Likewise, the Land Act, 2020 (Act 1036), recognises equitable ownership between spouses but focuses on registration and title rather than beneficial control. When property is held by a company, it falls into a legal grey area: it belongs to the company, not to either spouse personally, even when one partner exercises complete control.
The same limitation extends to trust principles. Ghanaian courts may find resulting or constructive trusts in some relationships, but only with clear evidence of contribution or intention, and proof is often obscured by corporate formalities and documentation. As Vitoh notes, this makes it particularly difficult to trace beneficial ownership in companies used to hold family assets.
The result, Vitoh suggests, is a system that upholds business integrity but can undermine fairness in the domestic sphere. Ghanaian courts have the tools to protect commerce, but not always the flexibility to deliver equitable outcomes within marriage. This tension between commercial certainty and social justice is precisely what Vitoh’s proposed reforms aim to address.
Balancing Fairness and Legal Certainty
Vitoh acknowledges that any reform must tread carefully. The goal, she argues, is not to dismantle corporate law but to refine its application in family justice. Ghanaian courts, like their English counterparts, must balance two imperatives: protecting the sanctity of the corporate veil and preventing its misuse to hide marital property.
In her analysis, she notes that English courts have already shown how this can work. In cases such as Prest v Petrodel, the company’s legal personality remains intact, but judges look behind it to uncover assets genuinely controlled by one spouse. This approach allows the law to identify property concealed behind a corporate name without undermining business integrity.
Vitoh’s proposal emphasises that veil-piercing should remain exceptional: reserved for outright fraud or abuse, while veil-lifting should become a principled tool for fairness.
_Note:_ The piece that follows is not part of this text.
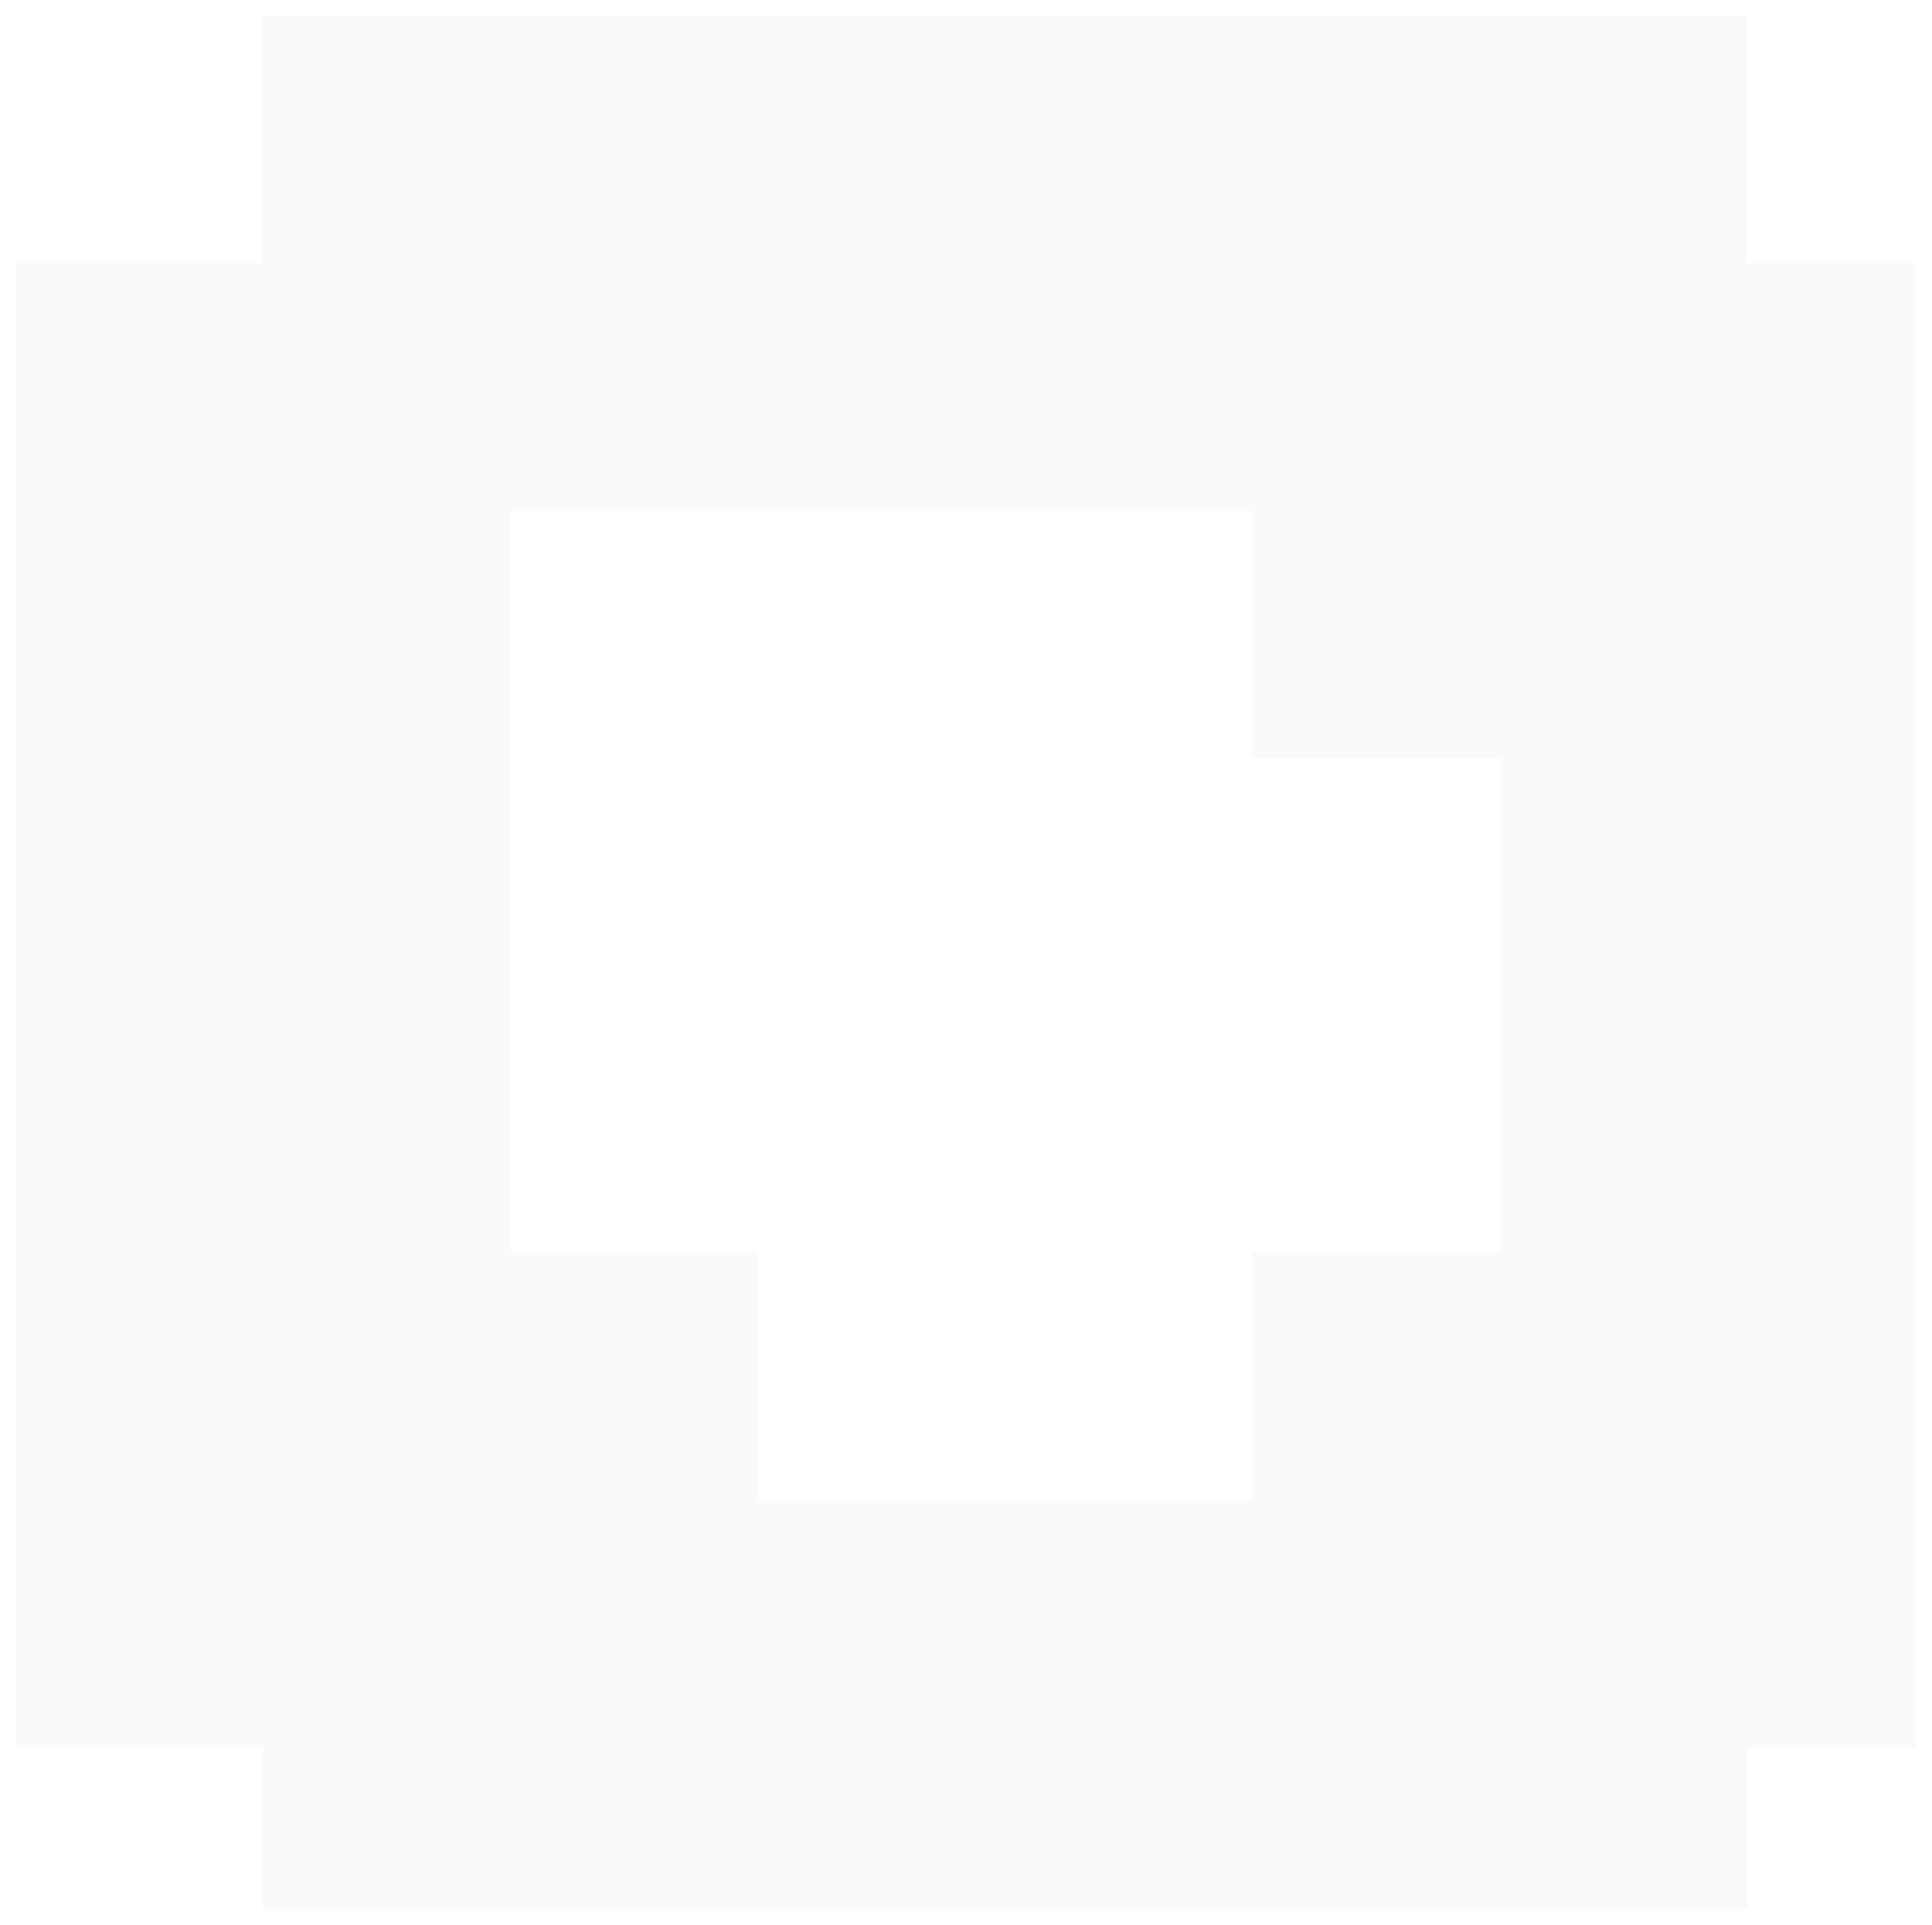 Oval clipart lace. Border frame transparent png

By examining beneficial ownership and applying equitable doctrines such as resulting or constructive trusts, courts can ensure that wealth accumulated through a marriage is distributed justly, even when held under a company.
She also acknowledges potential concerns. Expanding veil-lifting too broadly could open the floodgates to abuse, introduce uncertainty into commercial law, or discourage legitimate corporate planning. However, Vitoh maintains that a fact-specific, evidence-based approach can prevent abuse while still safeguarding fairness. Courts would only intervene when there is credible proof that a company was used to conceal or unfairly control marital assets.
This balanced model, she suggests, would bring clarity and confidence to Ghana’s legal system, assuring businesses that their corporate structures remain protected while assuring spouses that justice does not stop at the edge of a balance sheet.
Conclusion
At its core, Priscilla Akua Vitoh’s argument is both simple and profound: justice in marriage demands that the law looks not only at names on paper, but at the hands that hold the power. In a system where companies can function as tools of enterprise yet also as shields of inequity, she calls on Ghana’s courts to find a better balance between legal form and human reality.
By bridging corporate law and family equity, Vitoh challenges the boundaries of Ghanaian jurisprudence. She demonstrates that fairness in divorce need not come at the expense of business integrity; it simply requires the courts to see beyond structure to substance and beyond ownership to control.
Her call to reform is practical as well as principled: reserve veil-piercing for fraud and abuse, but use veil-lifting to expose the truth and ensure equitable distribution. This approach preserves corporate confidence while protecting fairness in the home.
Ultimately, Vitoh’s vision extends beyond legal doctrine. It is about restoring trust: in marriage, in the law, and in the courts’ capacity to uphold justice when law, love, and business intertwine. By “lifting” rather than “piercing” the veil, Ghana can remove barriers to justice itself.